Data segment Start Marker

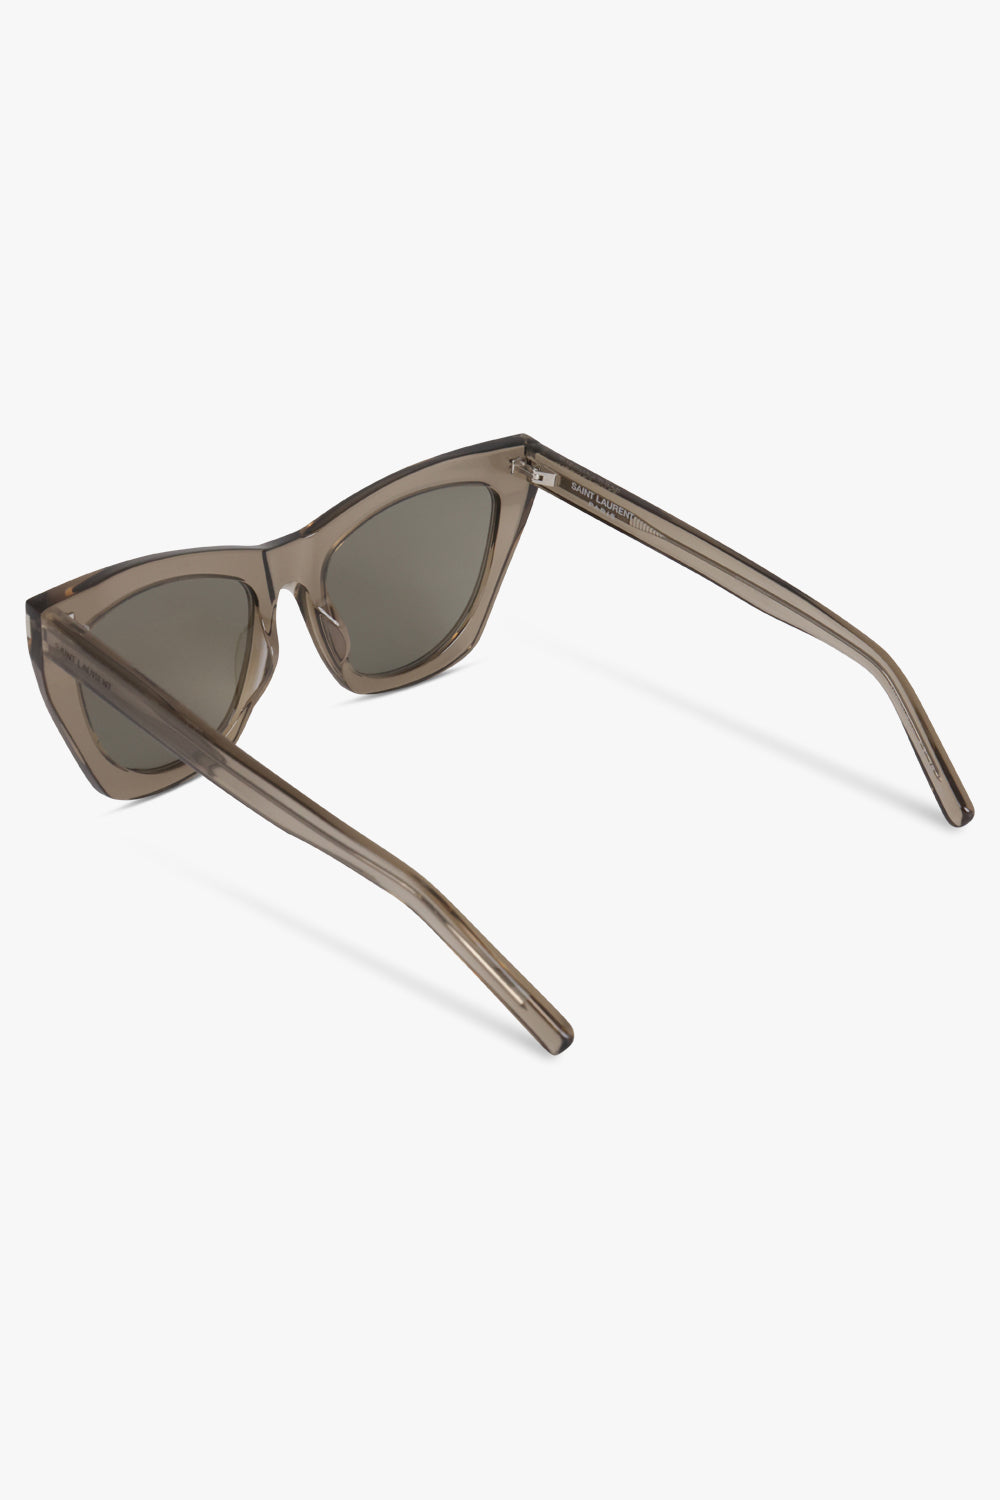 SAINT LAURENT SUNGLASSES Brown SL 214 KATE Sunglasses | Transparent Brown/Light Grey
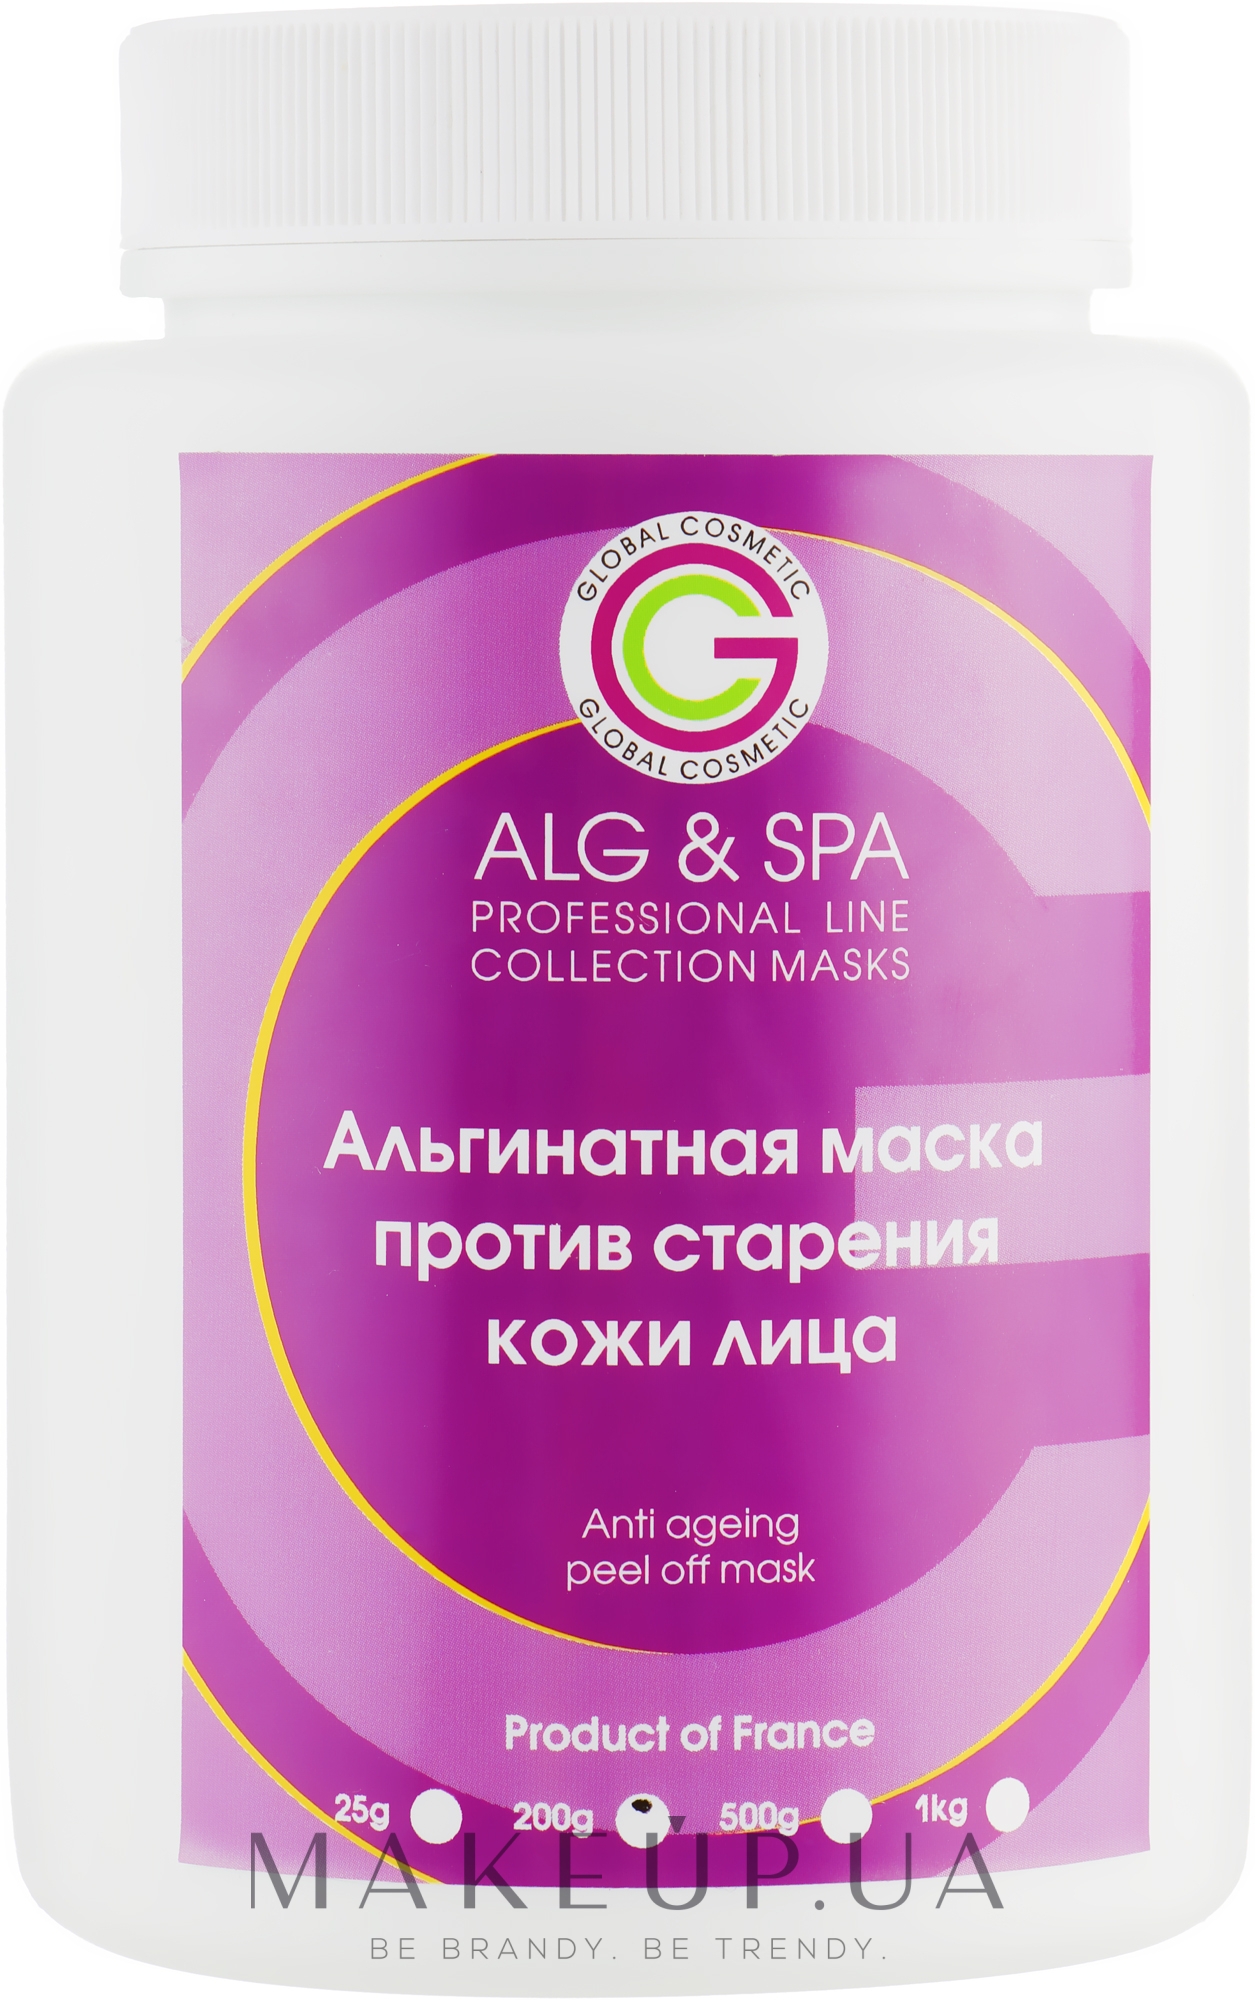 Альгінатна маска проти старіння шкіри обличчя - ALG & SPA Professional Line Collection Masks Anti Ageing Peel off Mask — фото 200g
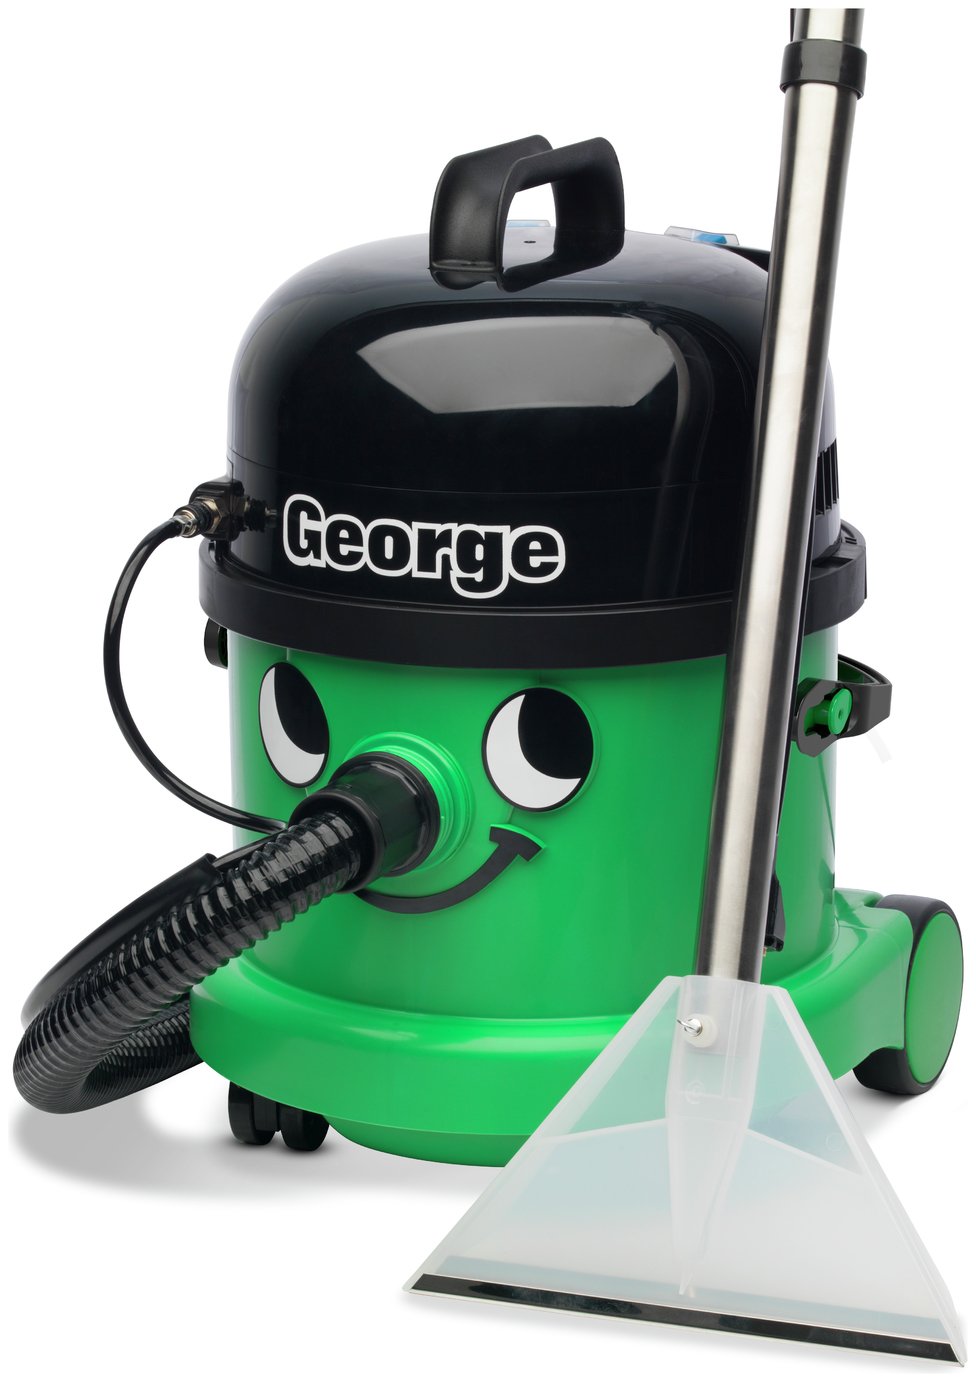 George Corded Carpet Cleaner
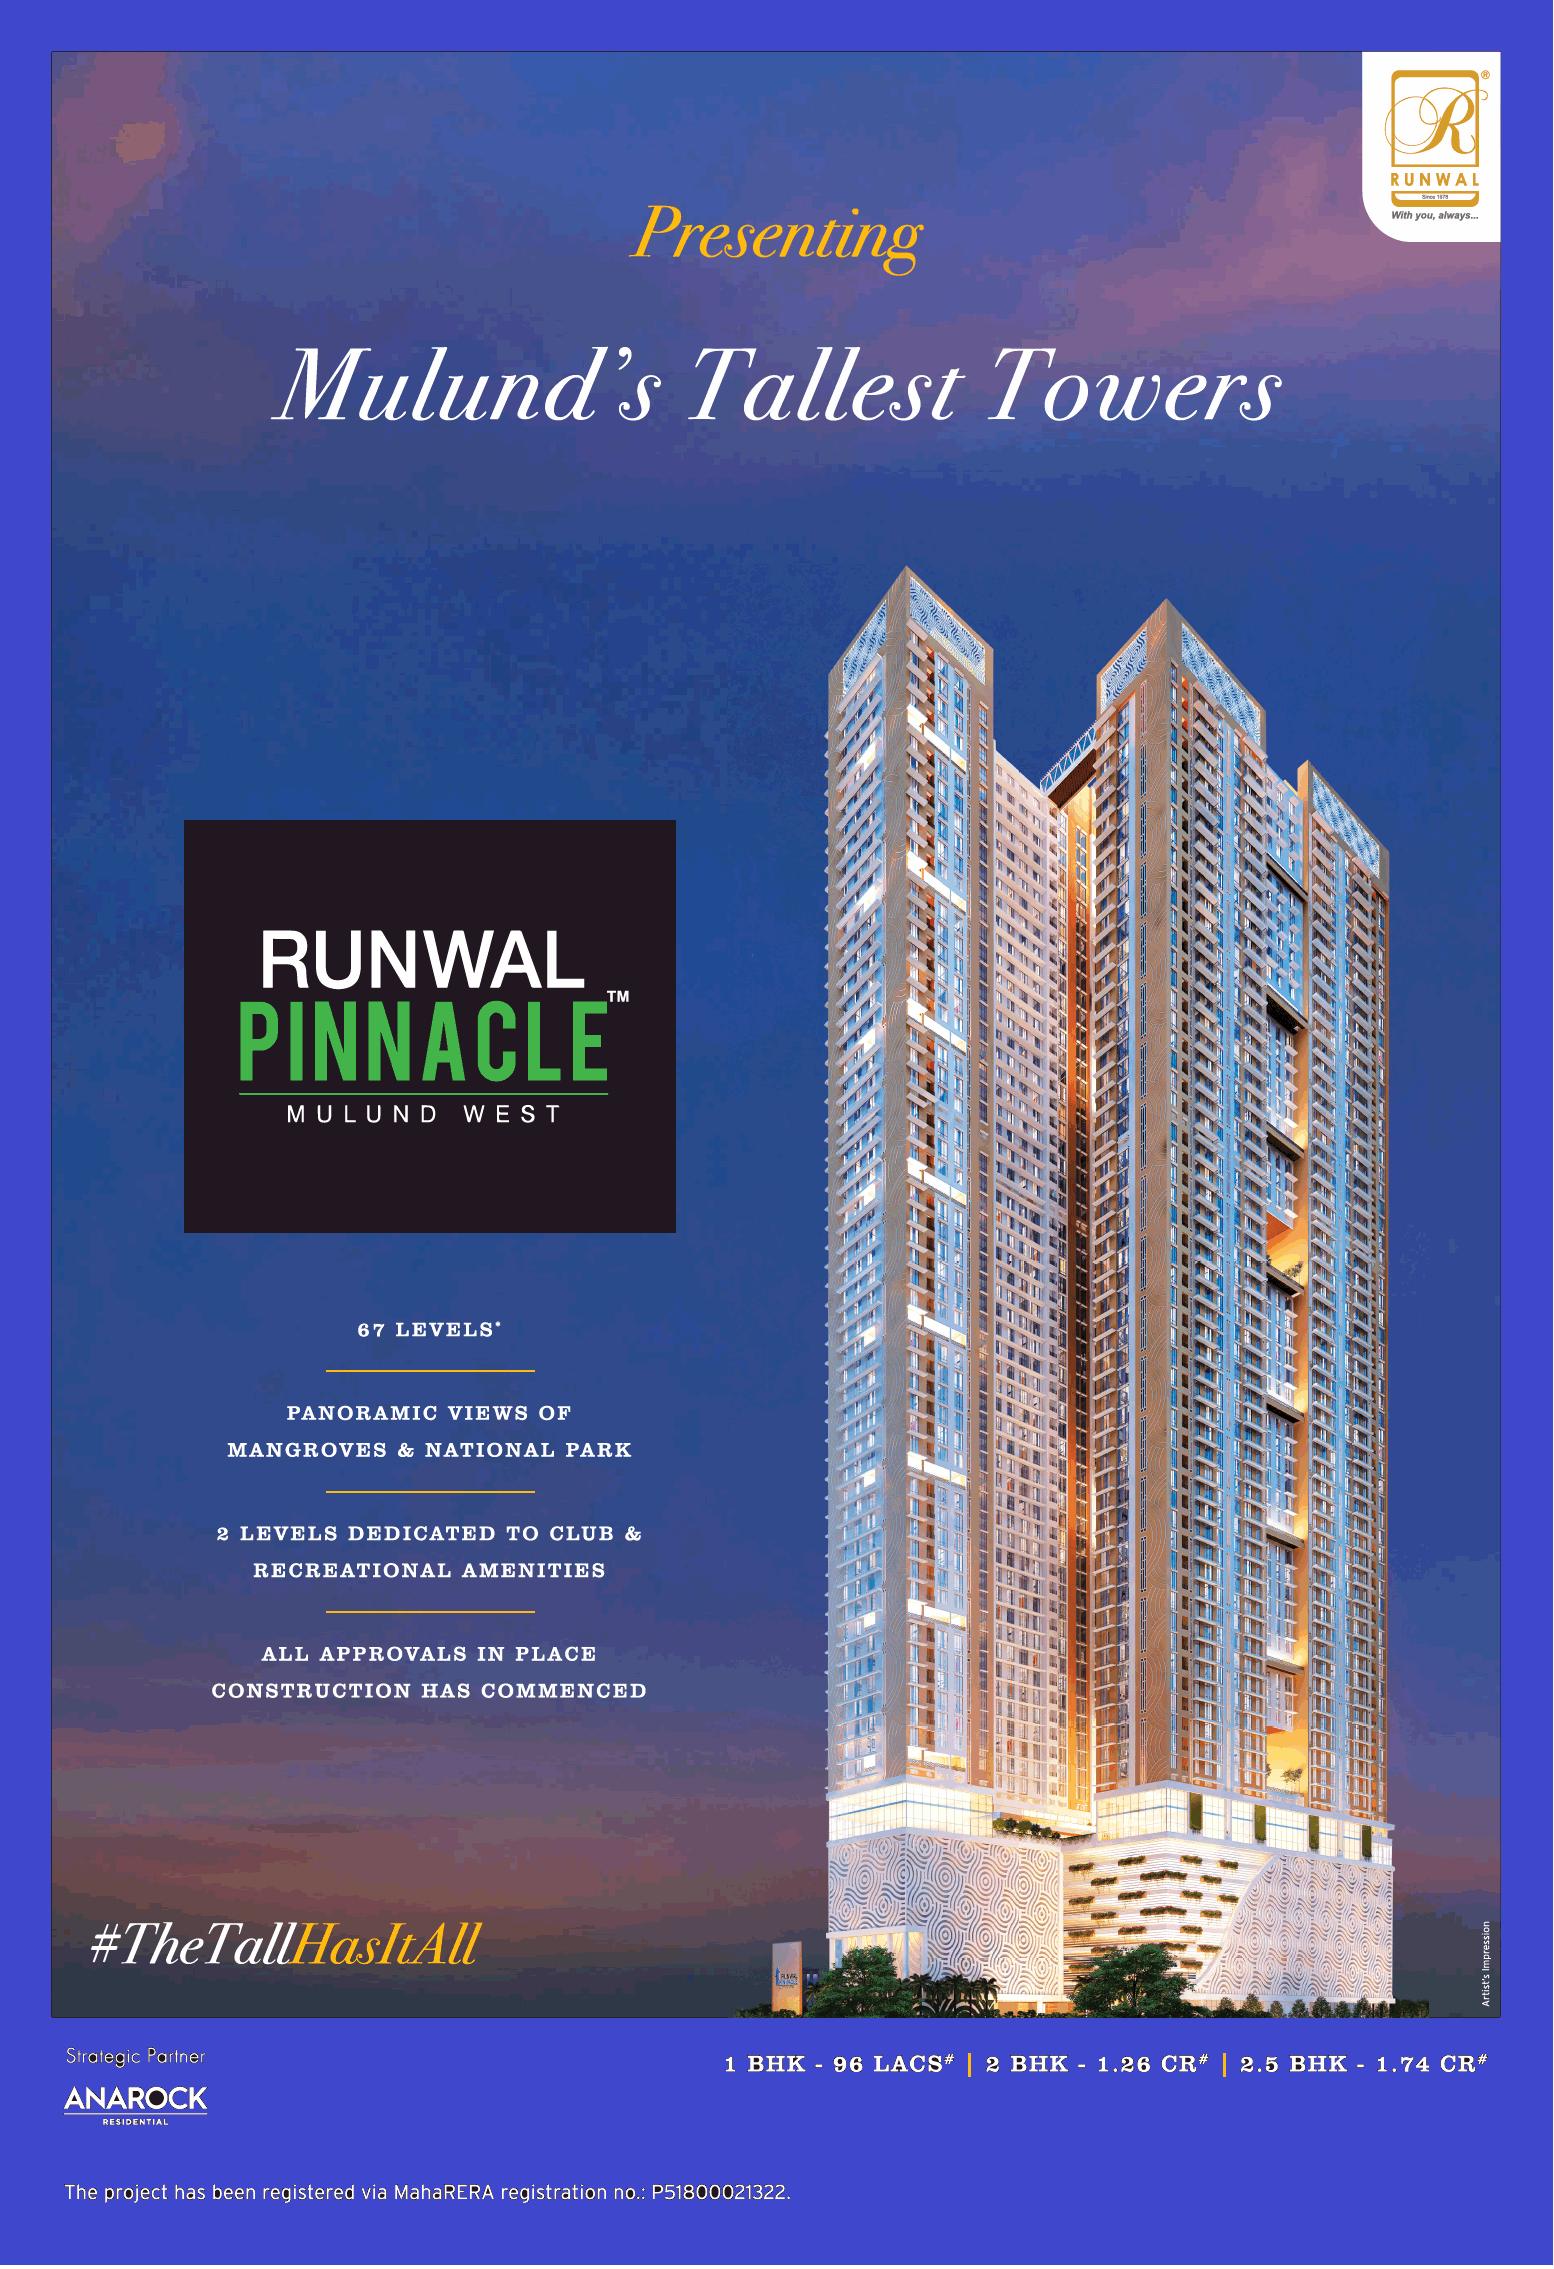 Presenting mulund's tallest towers at Runwal Pinnacle, Mumbai Update

Data segment End Marker

▸ **Problem to work on**
Set down the material exactly, every line of it, except for the pictures.

▸ **Solution**
 SAINT LAURENT SUNGLASSES Brown SL 214 KATE Sunglasses | Transparent Brown/Light Grey
 Альгінатна маска проти старіння шкіри обличчя - ALG & SPA Professional Line Collection Masks Anti Ageing Peel off Mask — фото 200g
 George Corded Carpet Cleaner
 Presenting mulund's tallest towers at Runwal Pinnacle, Mumbai Update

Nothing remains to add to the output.